5. The second task finishes, reads the stale `previous = self._pools.get(host)`
value (captured *before* the lock was taken — another bug), installs
pool-B and then shuts down pool-A. The in-flight CREATE ROLE request
is orphaned; the driver retries it on pool-B. The server executes it
a second time and returns "Role ... already exists".
Fix
---
Three coordinated changes to cassandra/cluster.py:
* Session.__init__: add self._pending_pool_futures = {}, a dict mapping
host -> Future for any in-flight pool creation, guarded by _lock.
* add_or_renew_pool: before submitting run_add_or_renew_pool(), check
_pending_pool_futures under _lock. If an in-flight future already
exists for the host, return it immediately — this is the primary fix
that prevents the duplicate submission from update_created_pools.
Additionally, move the `previous = self._pools.get(host)` read inside
the lock so the live-pool check is atomic with the installation of the
new pool: if a concurrent creation has already installed a live pool
by the time we finish connecting, discard our new pool instead of
replacing the live one (defense-in-depth).
Cleanup of _pending_pool_futures is handled by a done_callback
registered on the future immediately after it is stored, both
operations performed under _lock. The callback only removes the entry
if it still points at the same future it was registered on, so a
concurrent remove_pool followed by a new add_or_renew_pool is not
affected. This guarantees cleanup under all exit paths including
unhandled exceptions inside run_add_or_renew_pool, and avoids the
race where a fast-completing task pops the key before the outer code
has stored the future.
* remove_pool: clear _pending_pool_futures[host] under _lock so that
if a host is removed and immediately re-added, add_or_renew_pool
submits a fresh creation rather than reusing a stale done future.
Tests
-----
Five new unit tests are added in PoolRenewalRaceTest
(tests/unit/test_cluster.py).

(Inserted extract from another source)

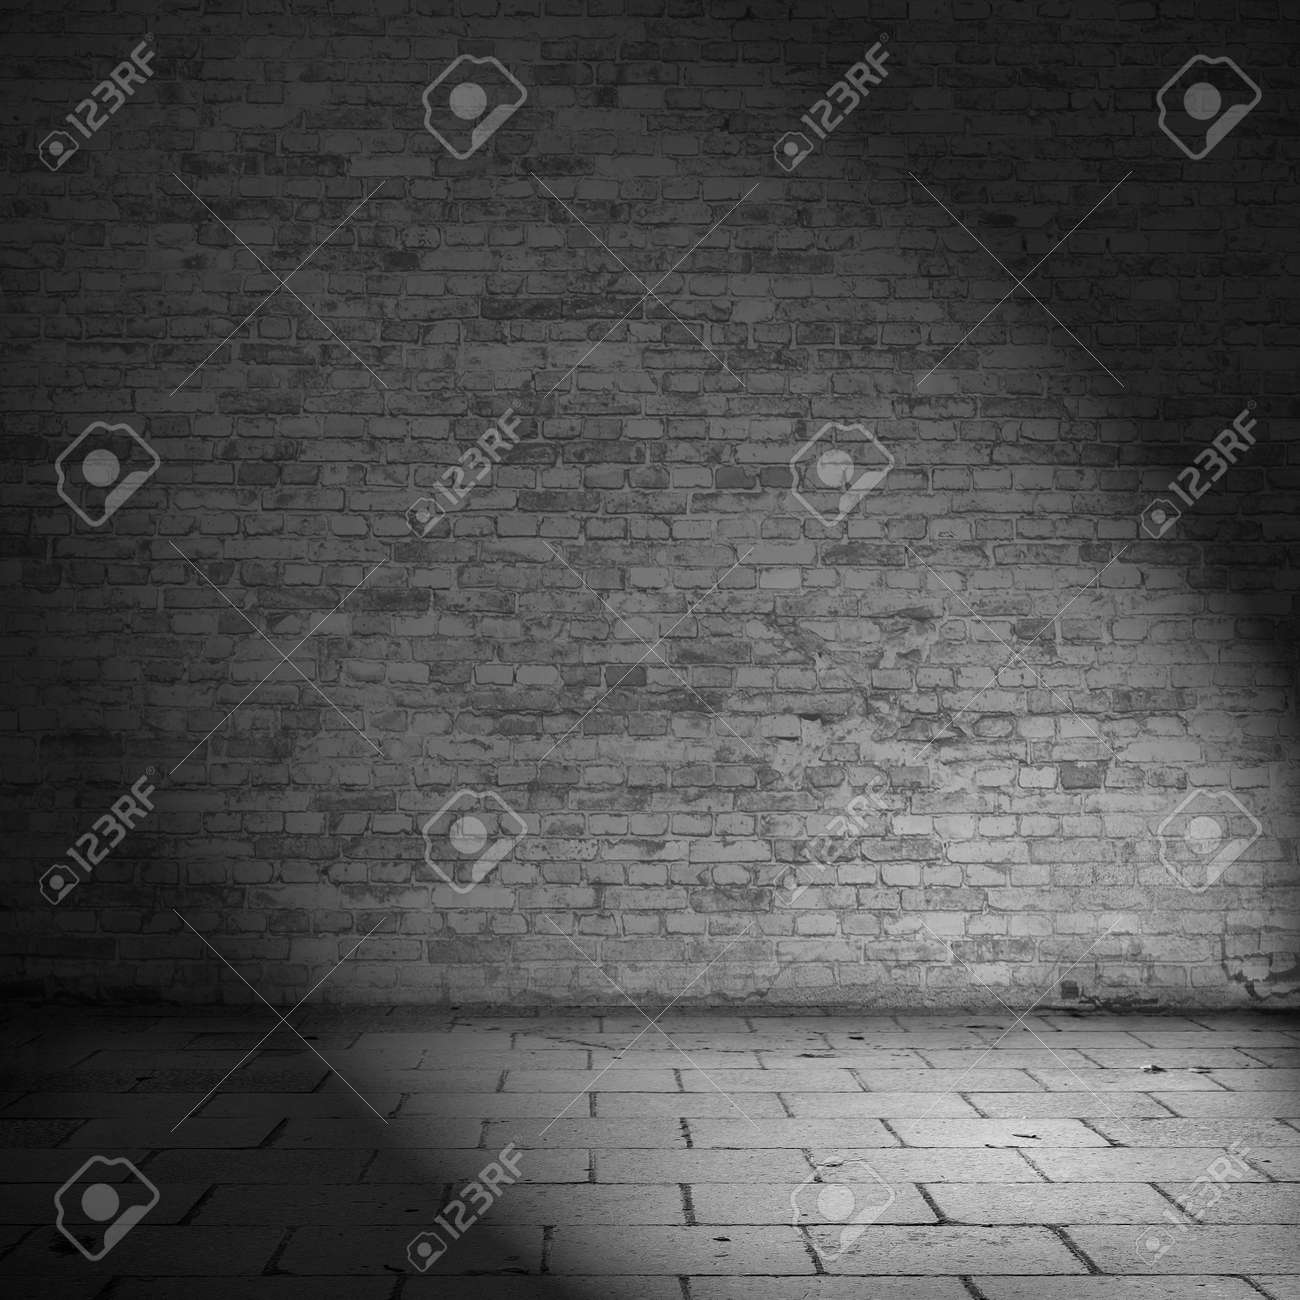 Black brick wall interior - Brick Wall Texture Background Abandoned House Interior Black And White Illustration Stock Illustration 37421580
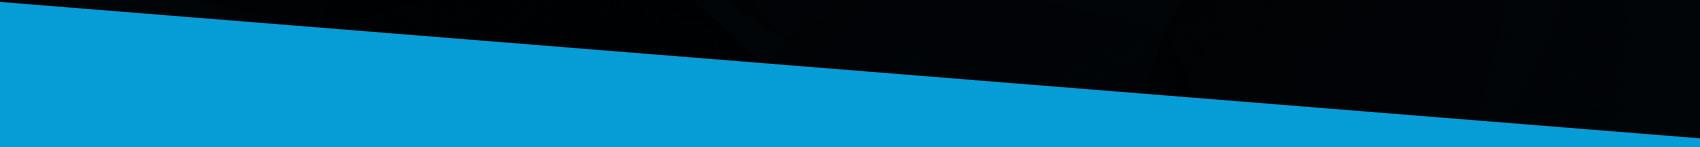 Hire Xamarin Consltants | xamarin development company in California, USA

They exercise the new code paths without
requiring a real cluster connection by constructing a minimal Session
via object.__new__ and mocking the executor and profile manager:
* test_add_or_renew_pool_reuses_inflight_future: places a pending
Future in _pending_pool_futures and verifies that add_or_renew_pool
returns it without submitting a new task to the executor.
* test_add_or_renew_pool_discards_duplicate_when_live_pool_exists:
exercises the real production code path by patching HostConnection
to a lightweight stub and using a synchronous executor shim that
runs the submitted callable inline. Pre-installs a live pool for
the host, then calls add_or_renew_pool() and asserts that the live
pool is not replaced and the newly connected stub pool is shut down.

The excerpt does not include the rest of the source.